El bote se detuvo y bajaron a la anciana y la chica enferma. Al resto de nosotras nos dijeron que nos quedáramos sentadas. Nos bajaron en la siguiente parada, una a la vez. Yo fui la última y al parecer era necesario un hombre y una mujer para guiarme por el tablón y alcanzar la playa. Una ambulancia estaba esperando ahí y abordo estaban los otros cuatro pacientes.
—¿Qué es este lugar? —le pregunté al hombre, que tenía sus dedos hundidos en la carne de mi brazo.
—La Isla de Blackwell, un lugar de locos del que nunca saldrás.
Dicho esto, me empujaron adentro de la ambulancia, colocaron el trampolín, un oficial y un cartero brincaron a la parte trasera y fui llevada en breve al Manicomio de la Isla de Blackwell.

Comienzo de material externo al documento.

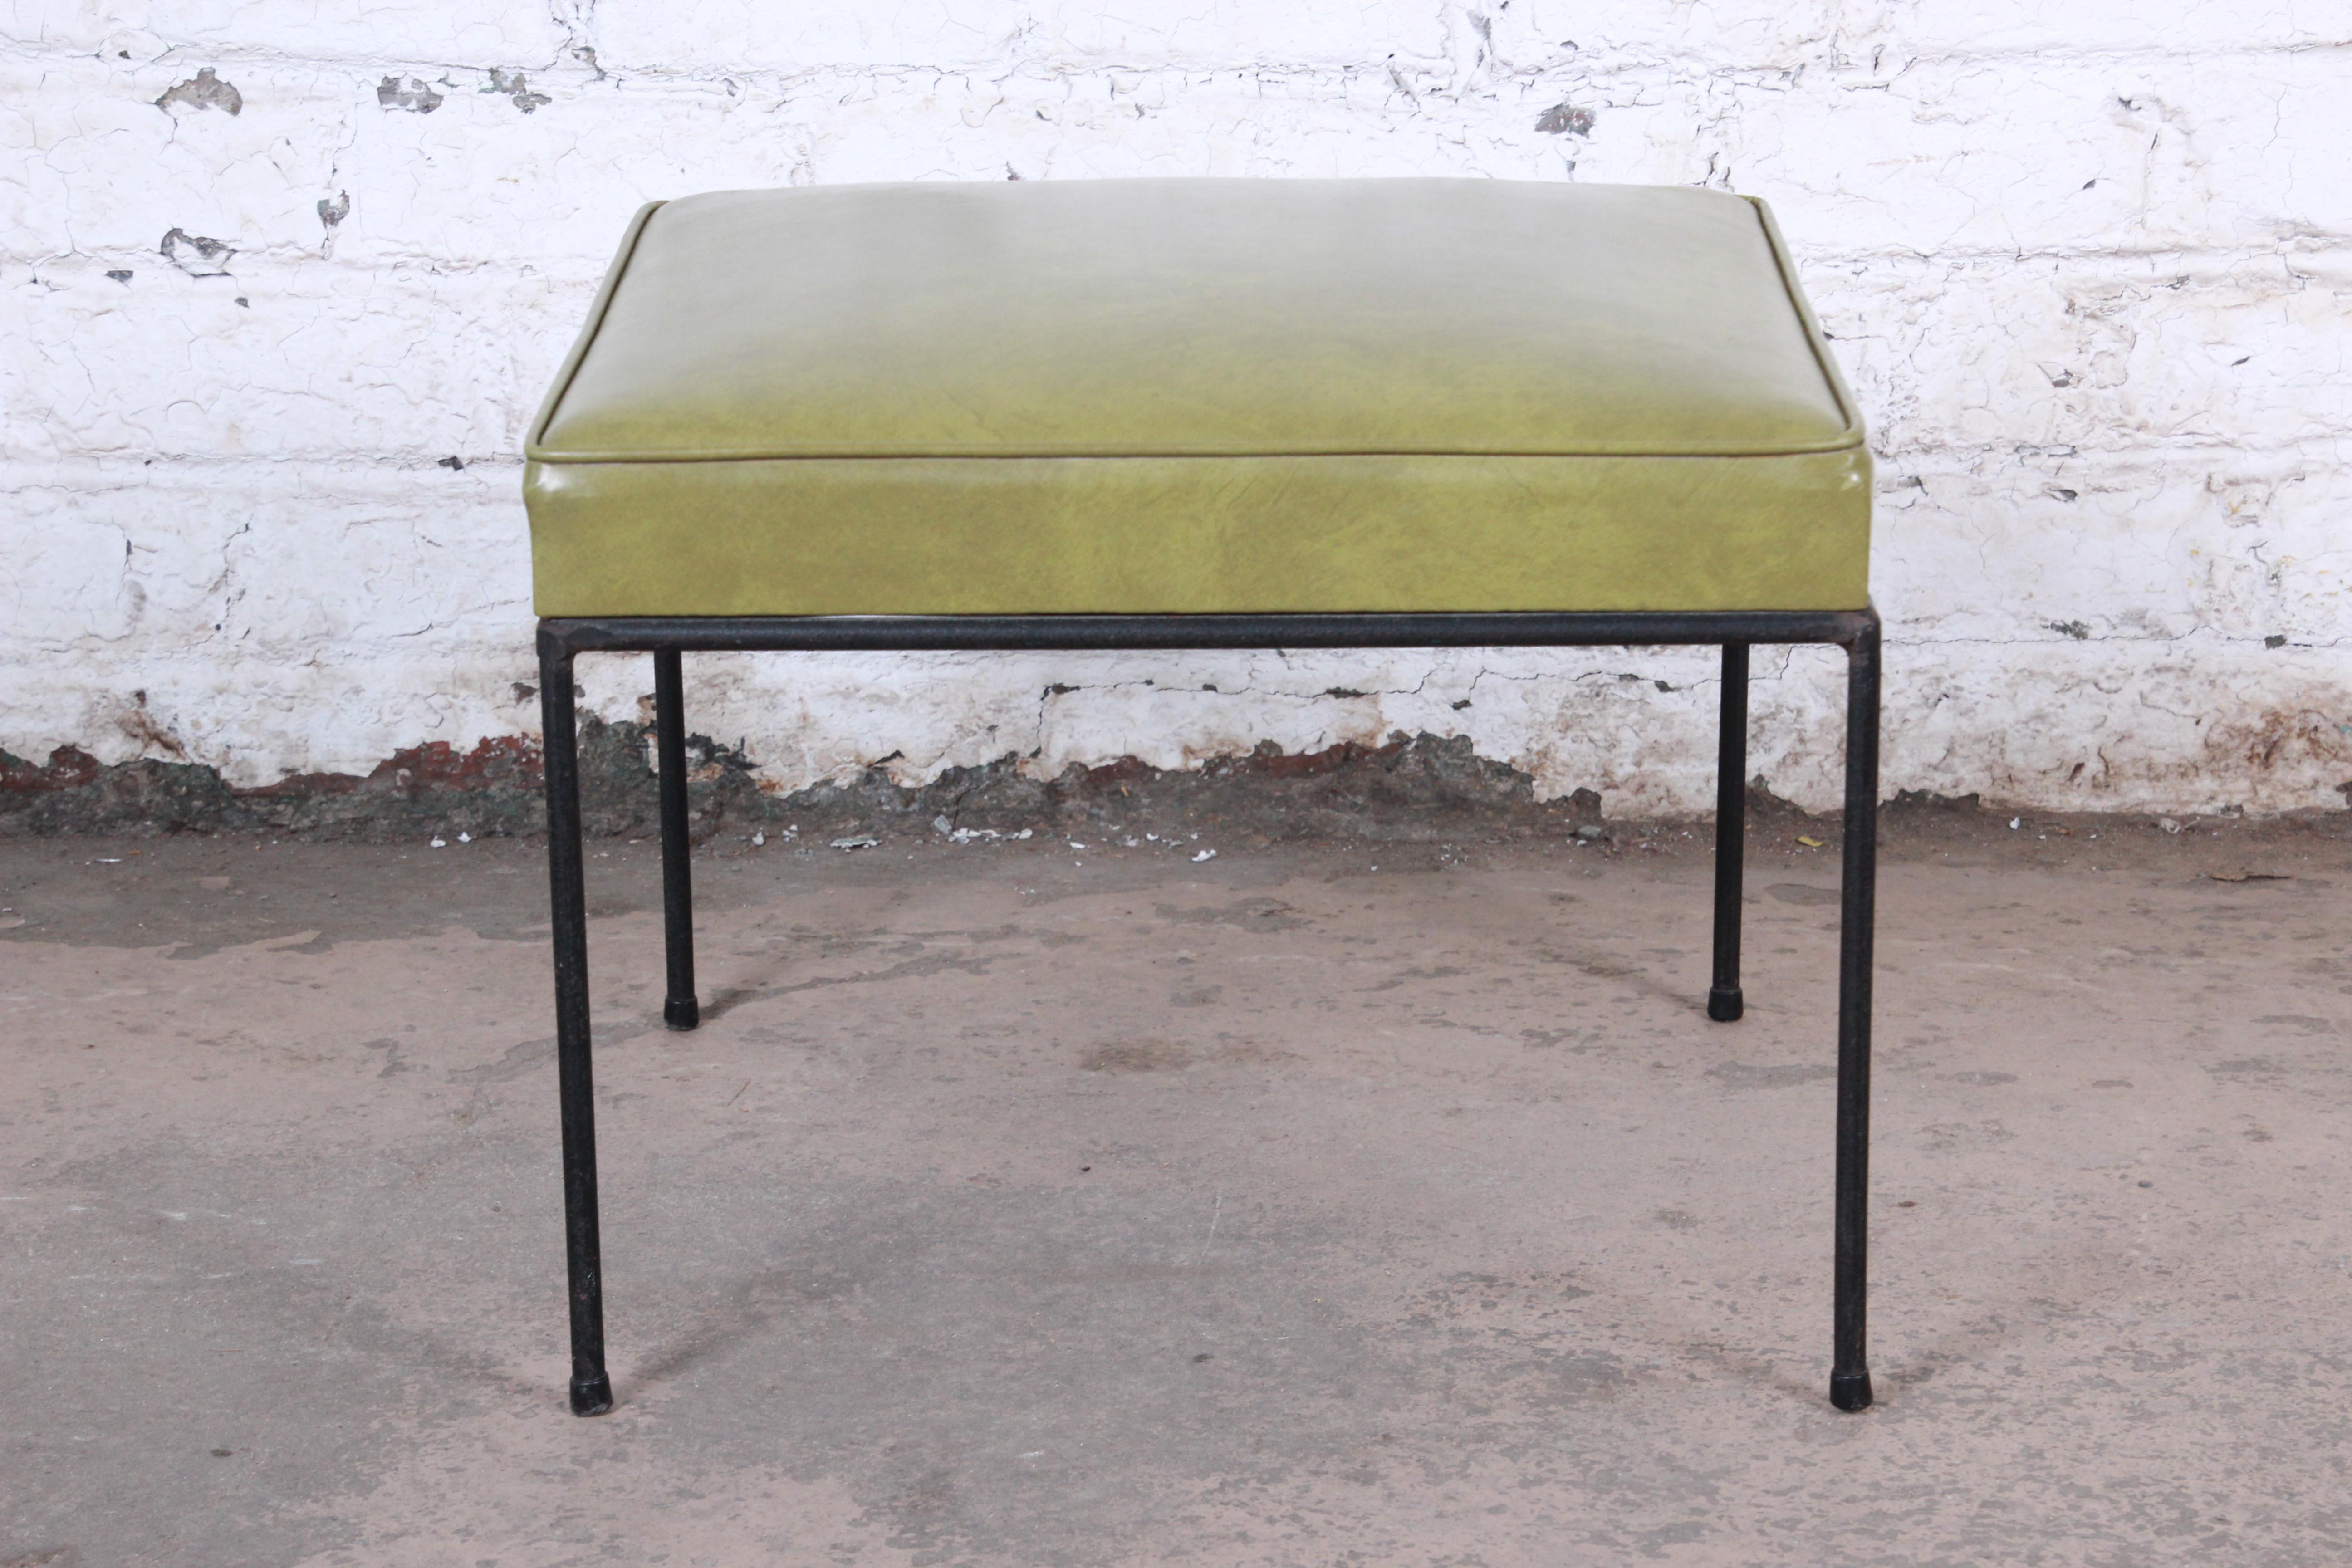 A stylish Mid-Century Modern stool or ottoman designed by Paul McCobb. The stool features nice black iron legs with all feet glides still intact. The green vinyl upholstery is original. An excellent example of McCobb's Minimalist design work. The

[1] El beef tea o té de carne, consiste en un filete de res hervido en agua por veinte minutos con la intención de sustraer el sabor y la energía de la carne y consumirla en forma de bebida. Aunque no era muy efectivo, fue un remedio común para los convalecientes en los hospitales públicos a lo largo del siglo XIX.
[2] “Ticking” es un textil de algodón o lino finamente entretejido para evitar que las plumas atraviesen la tela. Generalmente se utilizaba como funda para colchones y almohadas, pero su característico diseño de rayas en colores apagados y un fondo neutro también se utilizó en manteles, cortinas, tapizado de muebles y hasta vestidos.